Introduction to Hypothesis Testing

  • Hypothesis testing is a procedure to test claims or statements about a population.
  • It evaluates how much evidence exists for or against the claim.
  • The process involves several steps, which will be taught gradually.

Identifying the Claim

  • Always start hypothesis testing by determining the claim made about the population.
  • The claim reflects what someone thinks is true about the population.
  • Carefully read all information to correctly identify the claim (e.g., "now we think it’s higher" suggests a claim of increase).
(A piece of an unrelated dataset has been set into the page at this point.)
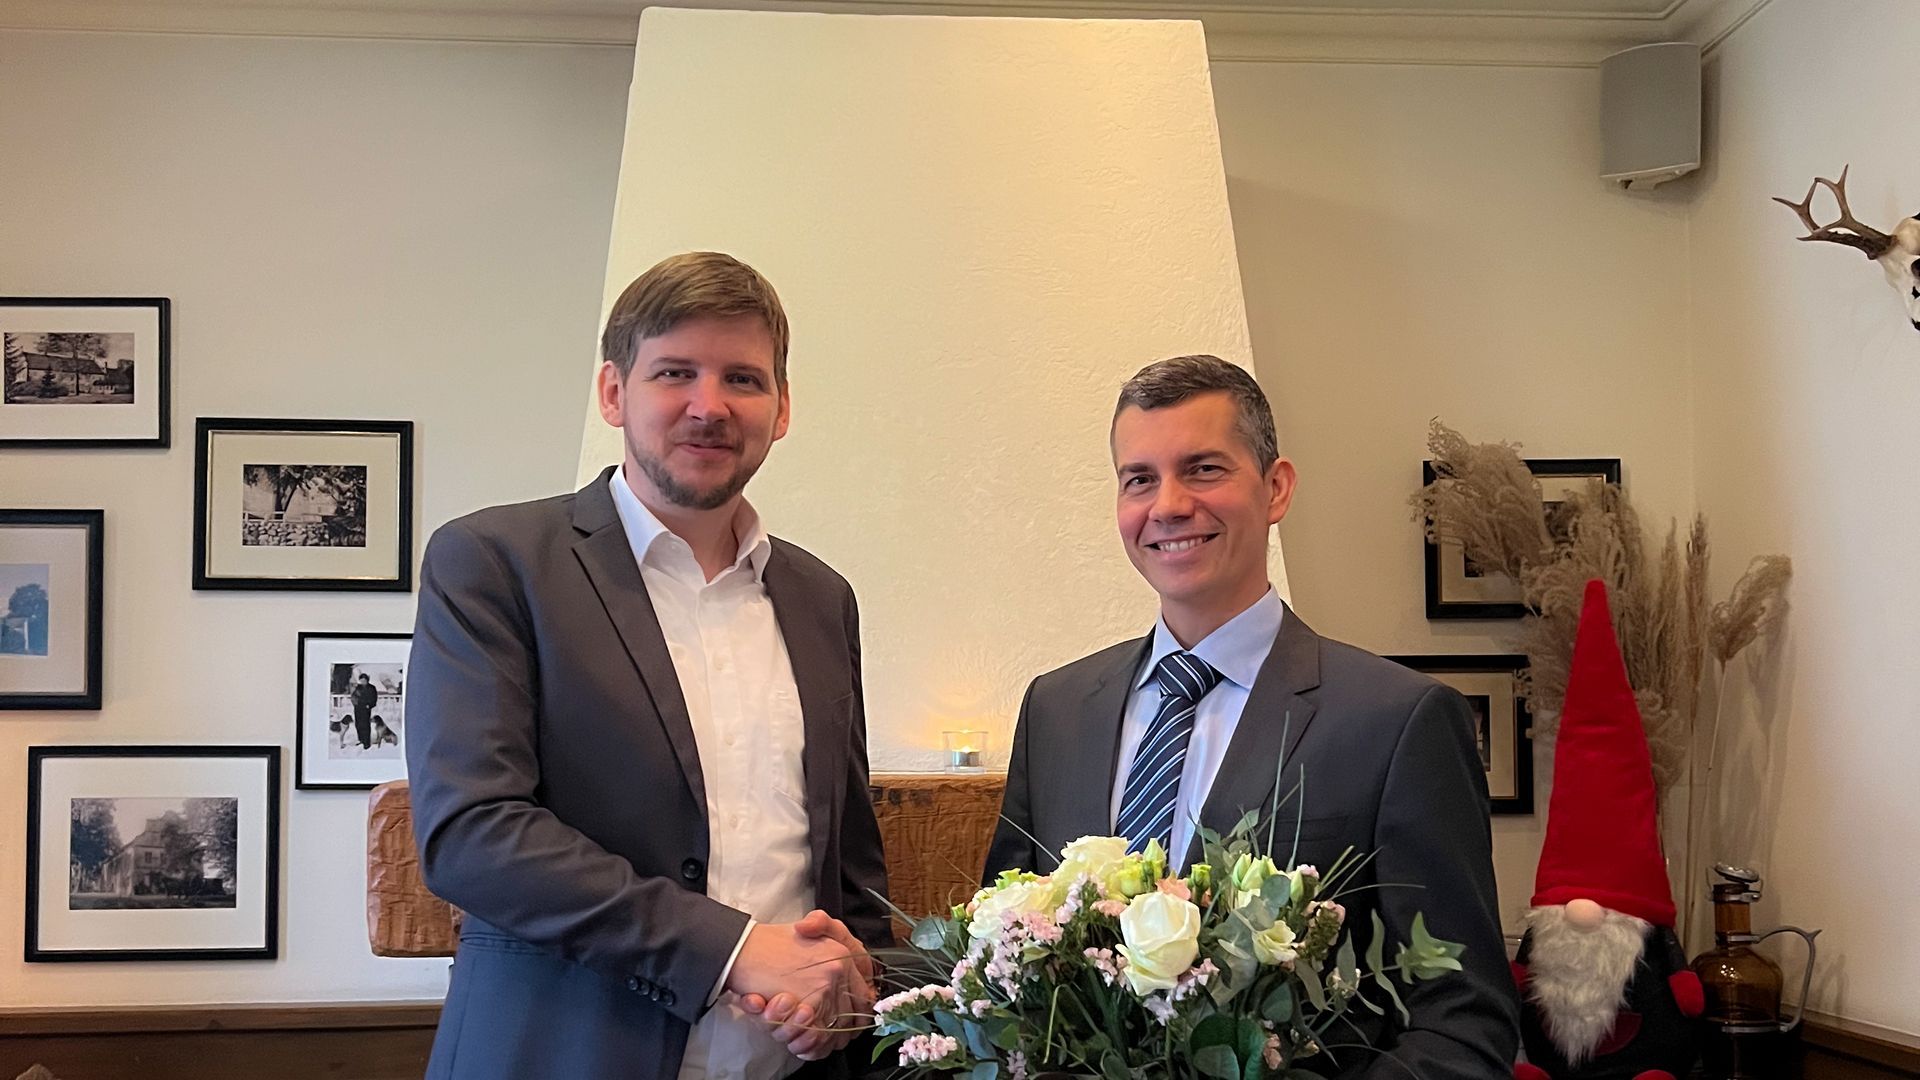 Geschäftsführer Christian Fox begrüßt den neuen Geschäftsführer Stefan Hänel im Kaminzimmer.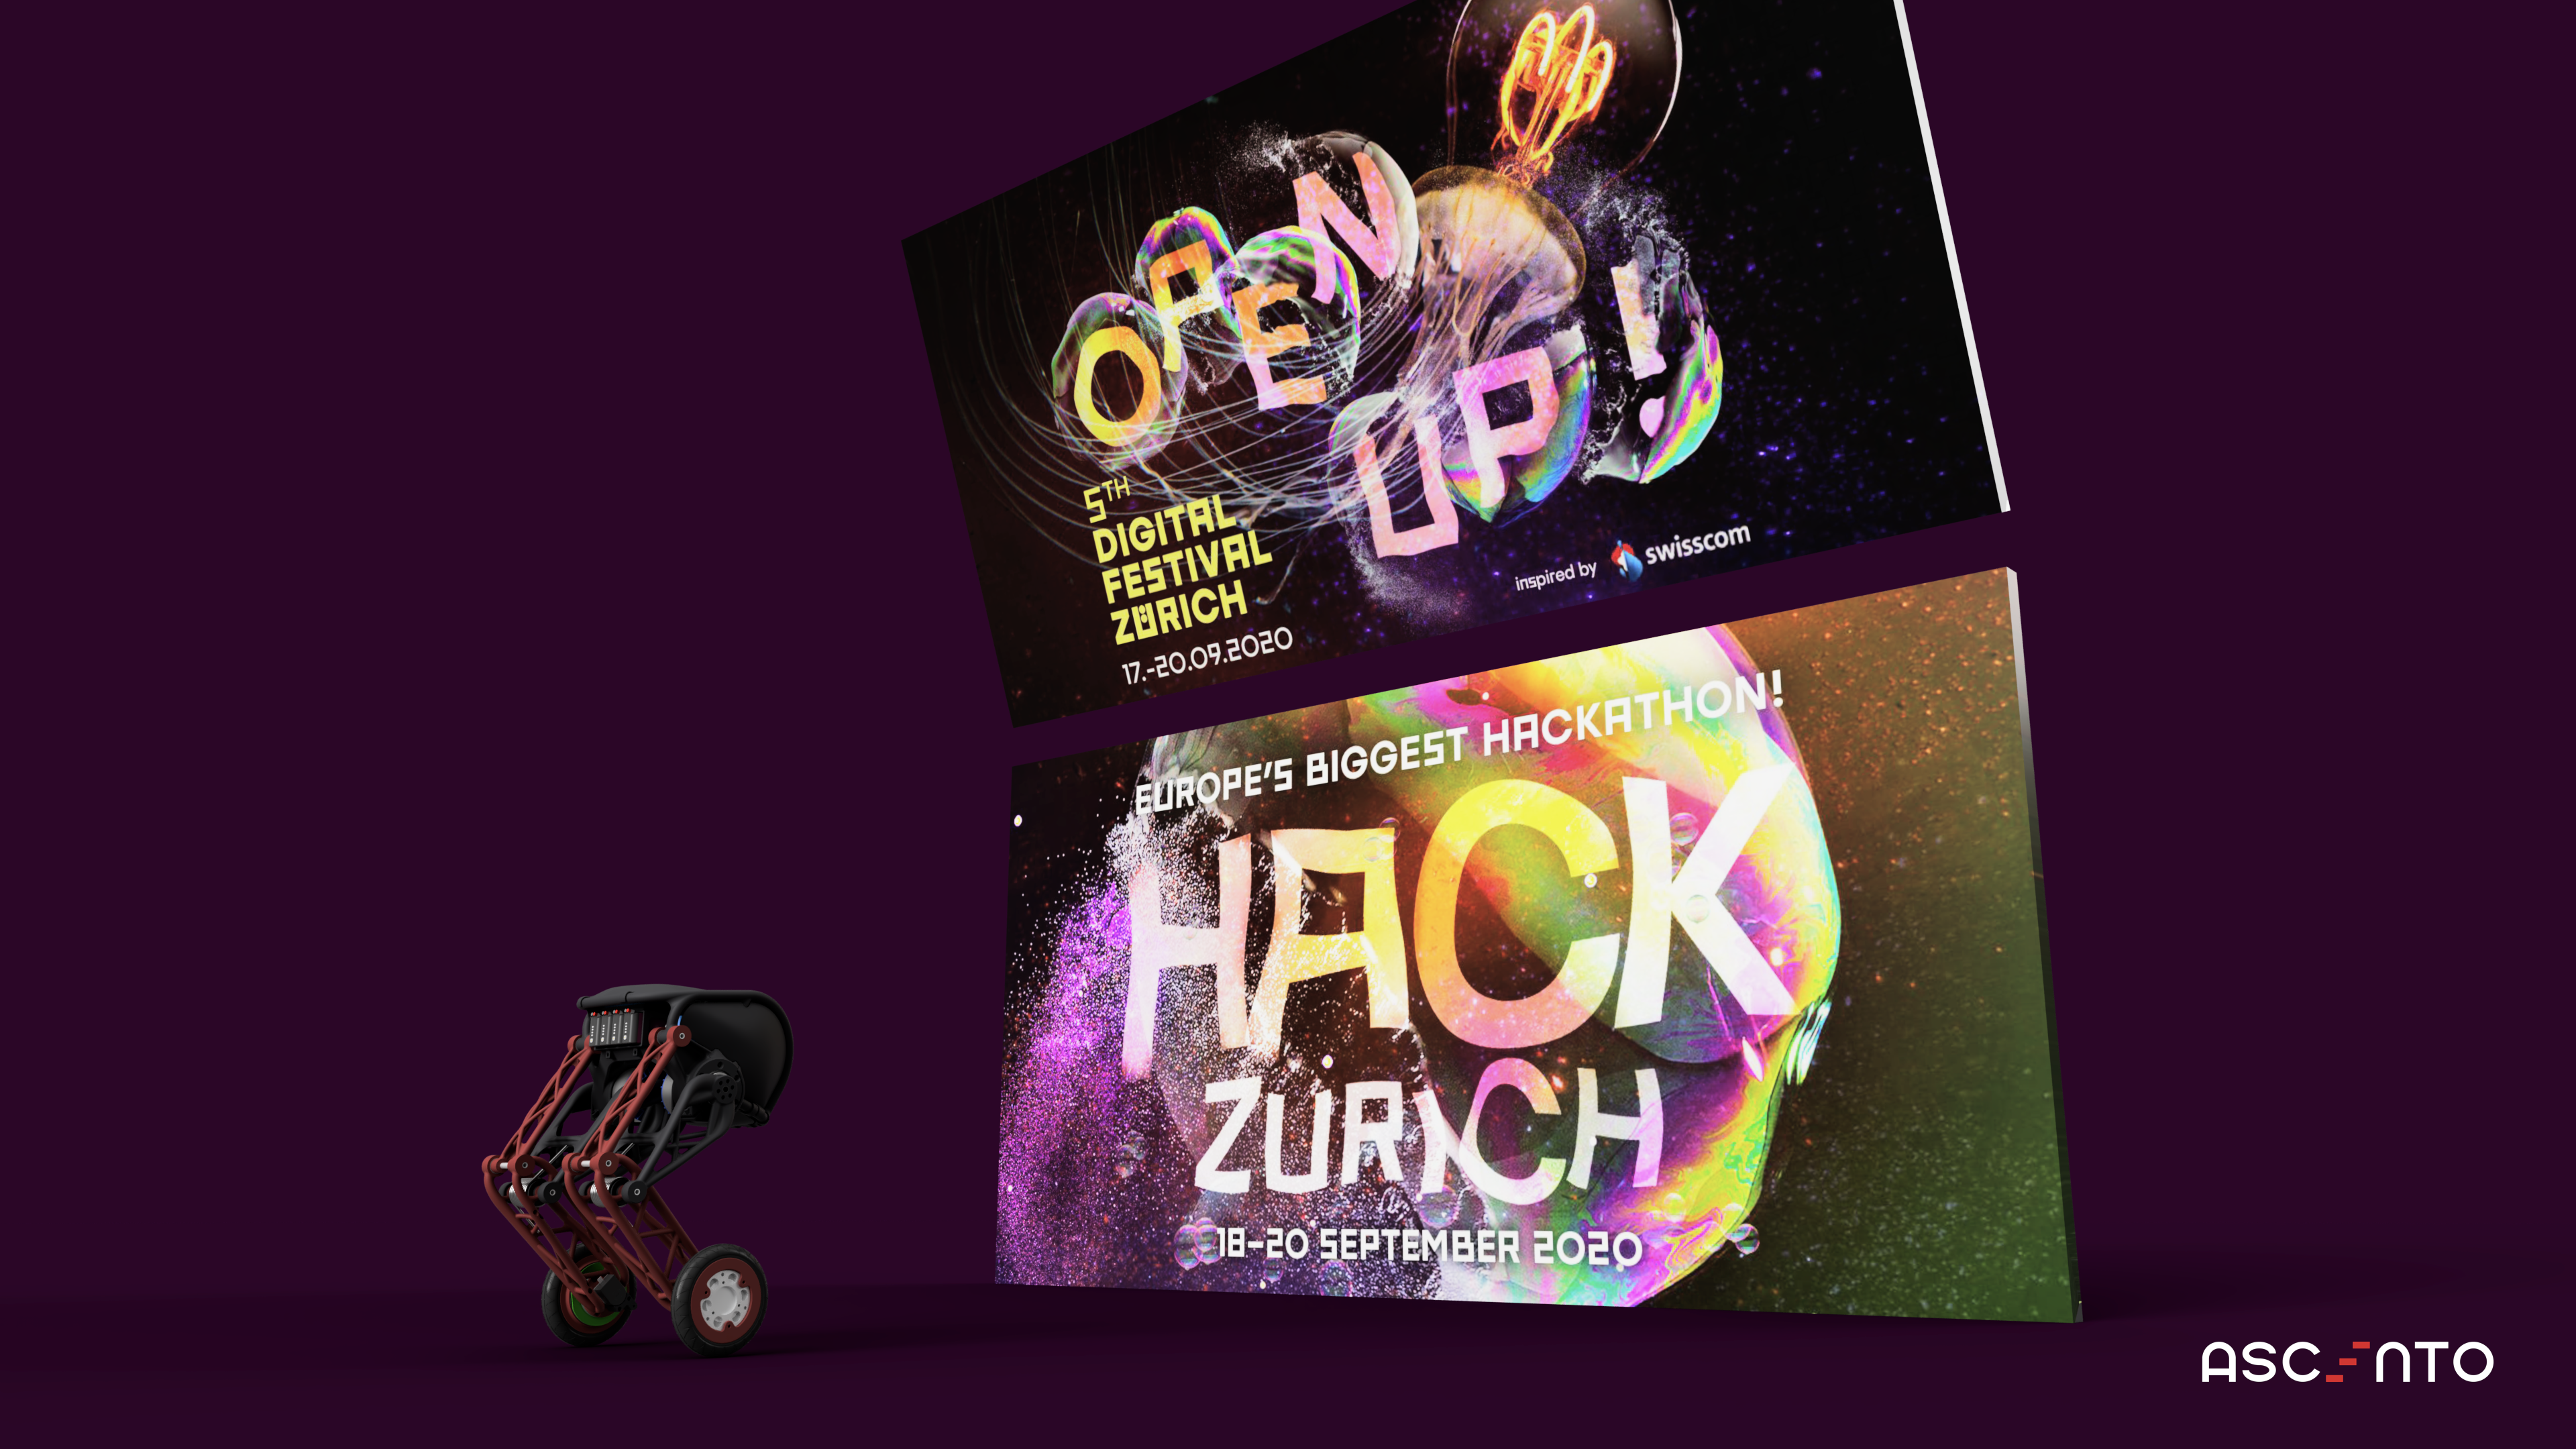 Digital Festival and Hack Zurich

Writing the Claim Mathematically

  • For population proportion (percentage), use the symbol π or P; for mean, use the Greek letter μ (mu).
  • Always write the population parameter (π or μ) on the left and the value on the right (e.g., π > 0.04).
  • Use ">" for higher/increase, "<" for lower/decrease, and "=" for statements of equality.

Claim Examples

  • If side effects percentage was 4% and now it’s believed to be higher, the claim is π > 0.04.
  • If evidence suggests average body temperature is lower than 98.6, claim is μ < 98.6.
  • If stated as “average is 100,” claim is μ = 100.

Null and Alternative Hypotheses

  • The null hypothesis (H₀) is a statement about the population involving equality (e.g., μ = 100).
  • The alternative hypothesis (Hₐ) is a statement that does not involve equality (e.g., μ ≠ 100, μ < 98.6, π > 0.04).
  • H₀ is denoted as H with subscript 0 (H₀); Hₐ is H with subscript a (Hₐ), sometimes written as H₁.

Formulating Hypotheses

  • Opposing views are used to set up null and alternative hypotheses.
  • The opposite of "<" is "≥", of ">" is "≤", and of "=" is "≠".
  • For one population, usually set H₀ as equality (e.g., μ = value), and Hₐ as the claim without equality.

Key Terms & Definitions

  • Hypothesis Test — A procedure for evaluating claims about a population using sample data.
  • Claim — The statement or belief to be tested about a population parameter.
  • Null Hypothesis (H₀) — The default hypothesis stating no change or effect, involving equality.
  • Alternative Hypothesis (Hₐ) — Competing hypothesis indicating change or effect, without equality.
  • Population Proportion (π or P) — The percentage of the population with a specific characteristic.
  • Population Mean (μ) — The average value for a quantitative population trait.

Action Items / Next Steps

  • Practice identifying claims and writing them mathematically.
  • Review the symbols π and μ for population parameters.
  • Prepare to learn how to test these hypotheses in upcoming lessons.